_Problem details_
Please reproduce the entries below exactly as they stand, but leave the pictures out.
§ §
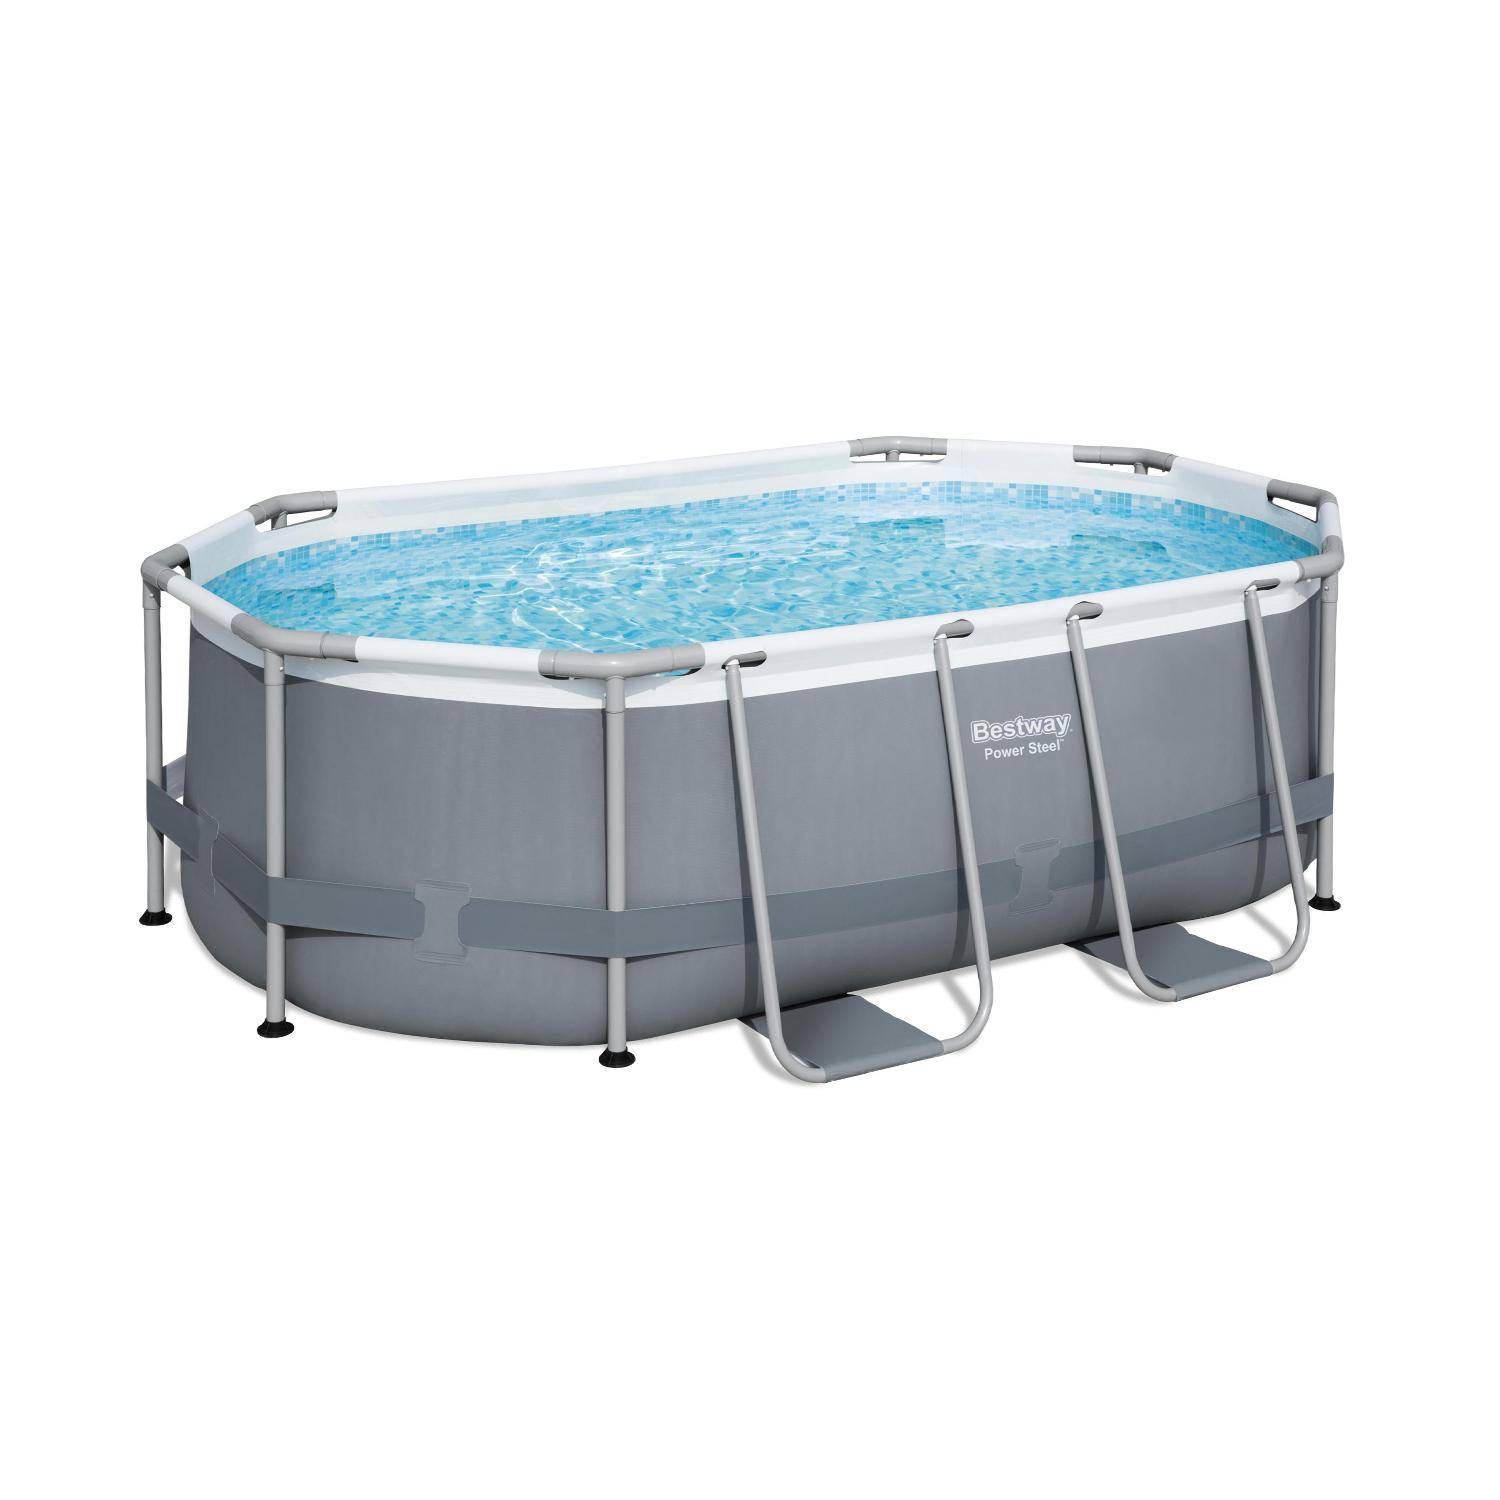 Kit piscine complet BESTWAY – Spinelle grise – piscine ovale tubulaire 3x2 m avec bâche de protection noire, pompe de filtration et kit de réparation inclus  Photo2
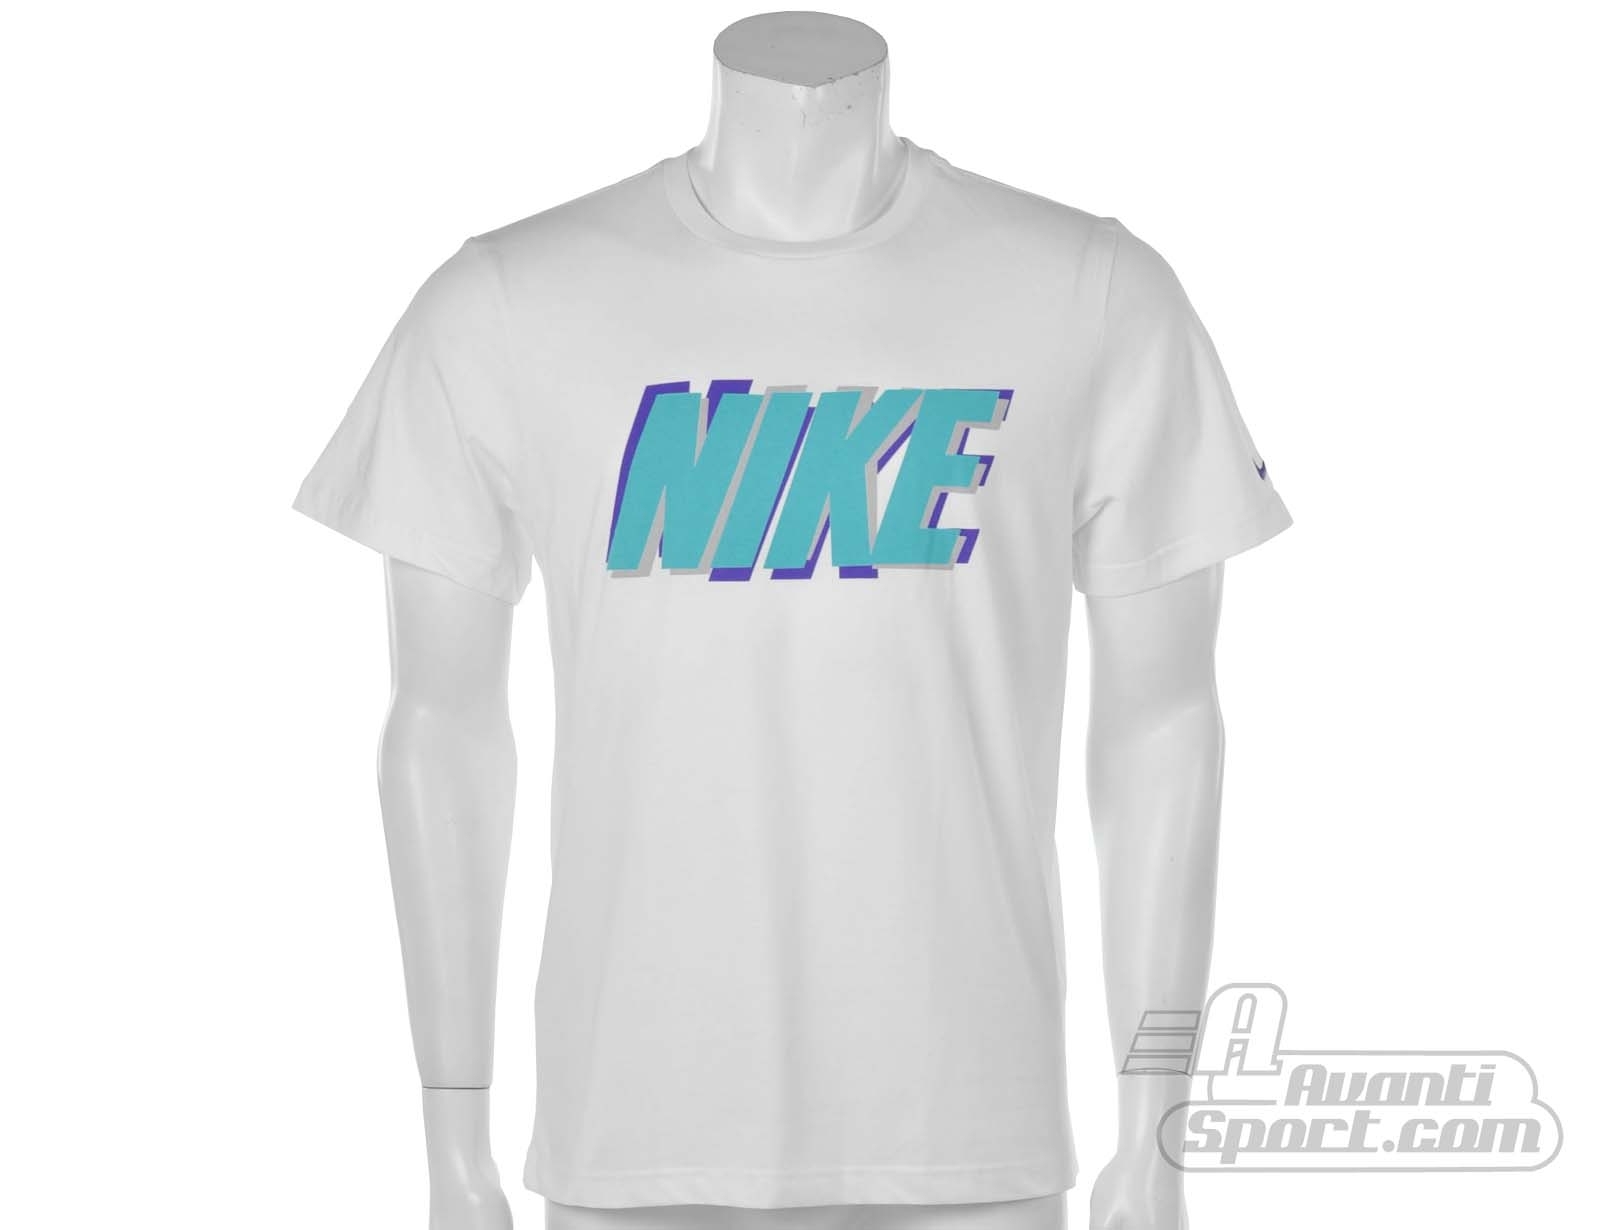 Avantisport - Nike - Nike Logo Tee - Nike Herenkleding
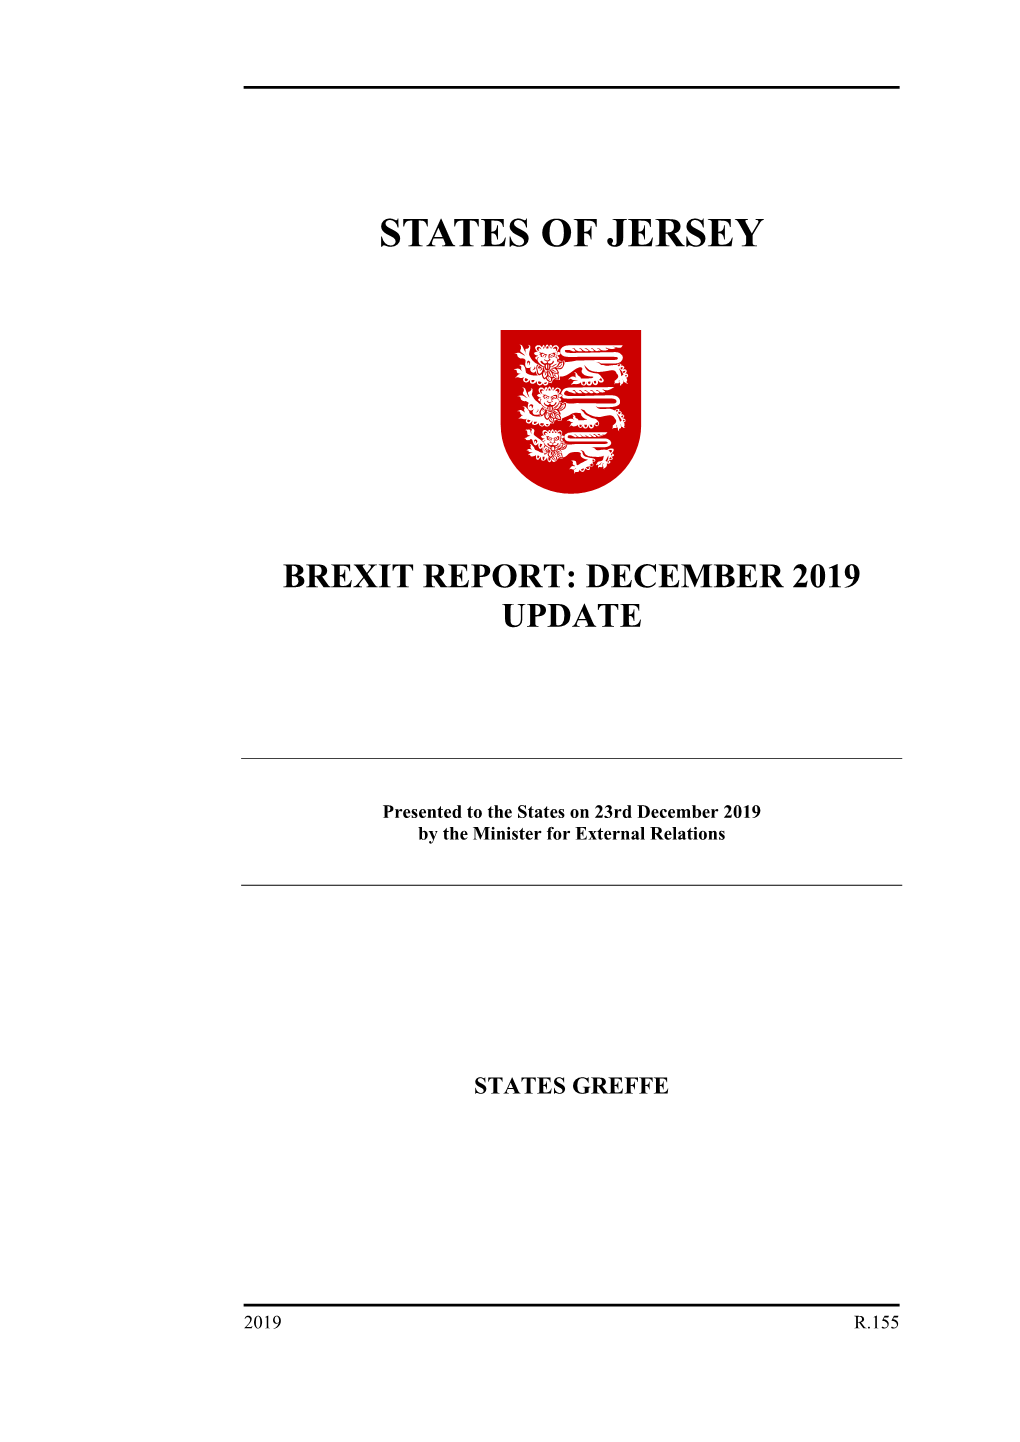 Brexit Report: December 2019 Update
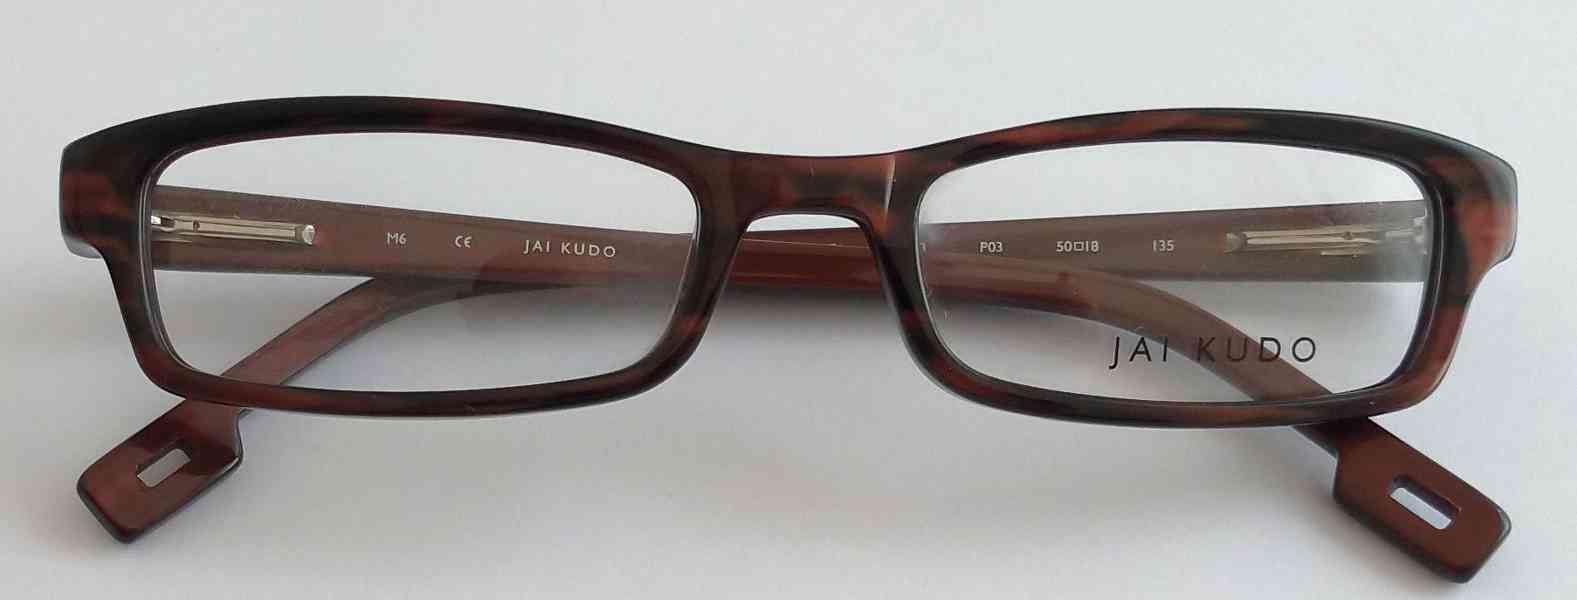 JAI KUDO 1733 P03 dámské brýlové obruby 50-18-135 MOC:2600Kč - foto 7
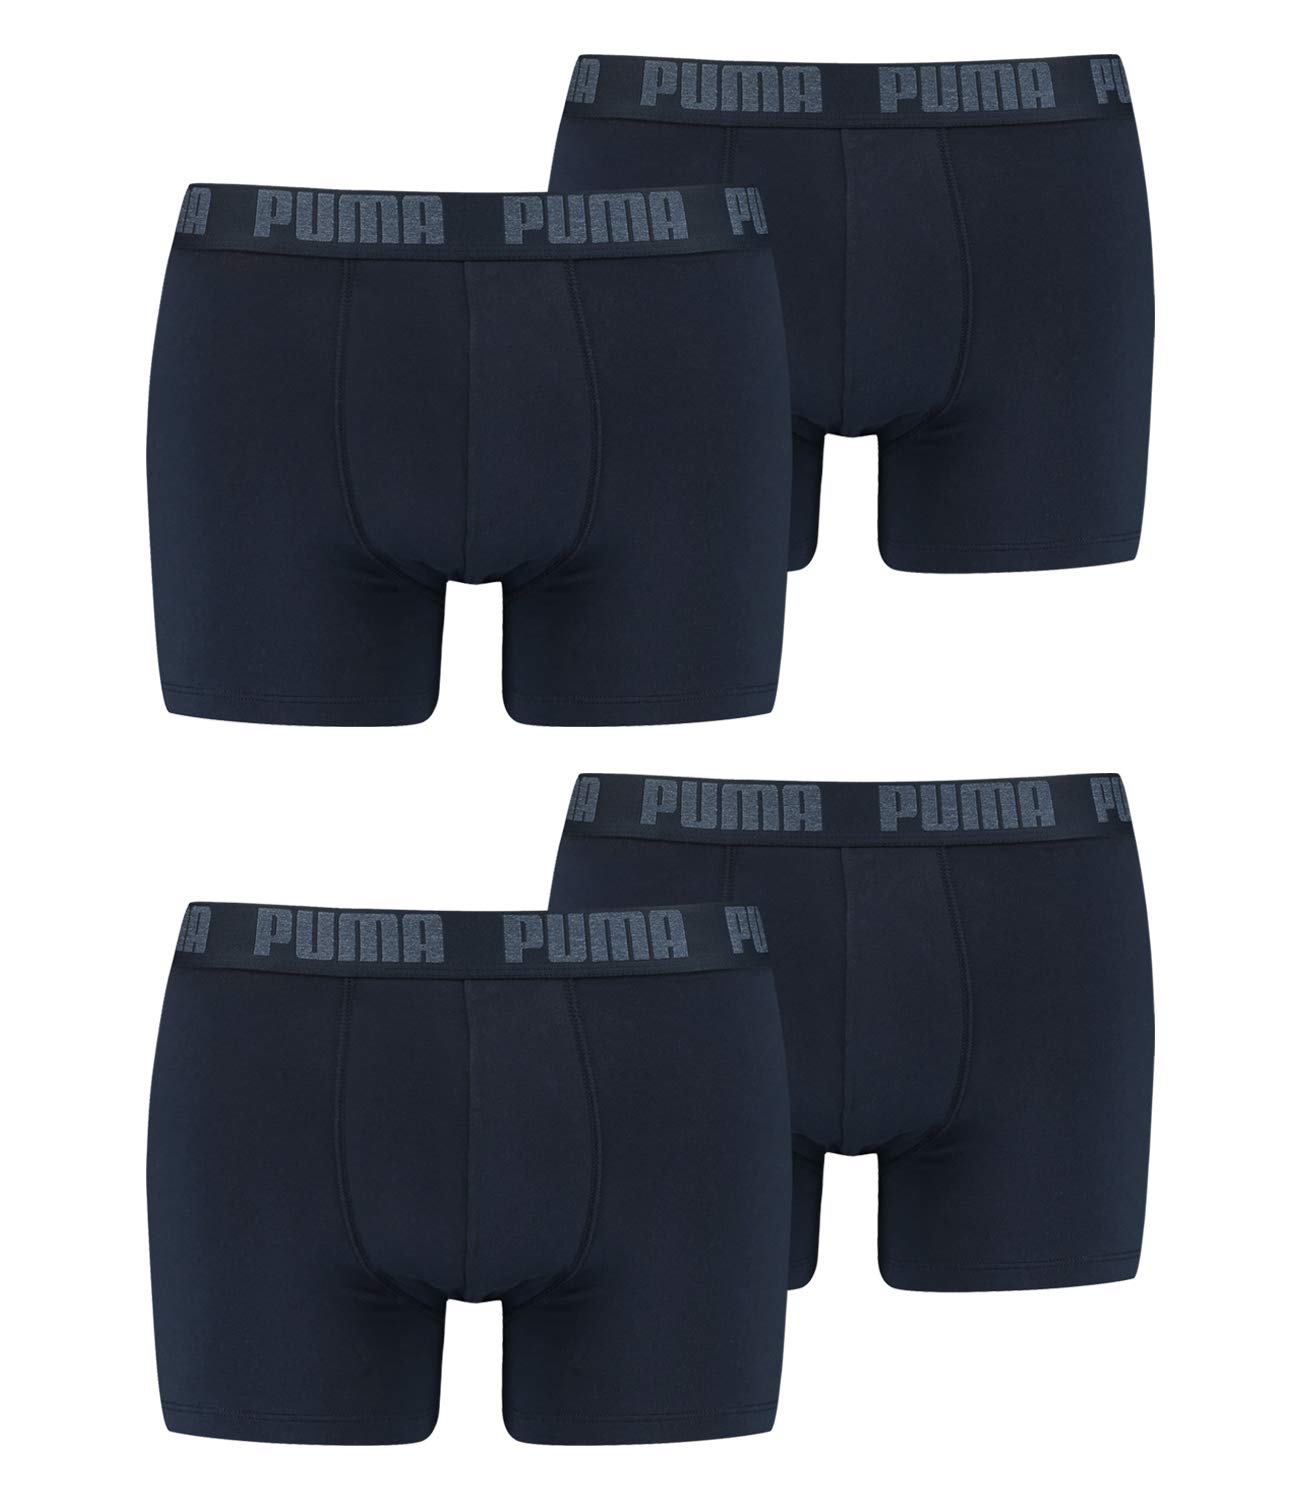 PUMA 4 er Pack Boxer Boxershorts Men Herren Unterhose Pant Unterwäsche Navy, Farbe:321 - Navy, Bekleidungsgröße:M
§ §
_Result of the exercise_
 Kit piscine complet BESTWAY – Spinelle grise – piscine ovale tubulaire 3x2 m avec bâche de protection noire, pompe de filtration et kit de réparation inclus  Photo2
 Avantisport - Nike - Nike Logo Tee - Nike Herenkleding
 Brexit Report: December 2019 Update
 JAI KUDO 1733 P03 dámské brýlové obruby 50-18-135 MOC:2600Kč - foto 7
 PUMA 4 er Pack Boxer Boxershorts Men Herren Unterhose Pant Unterwäsche Navy, Farbe:321 - Navy, Bekleidungsgröße:M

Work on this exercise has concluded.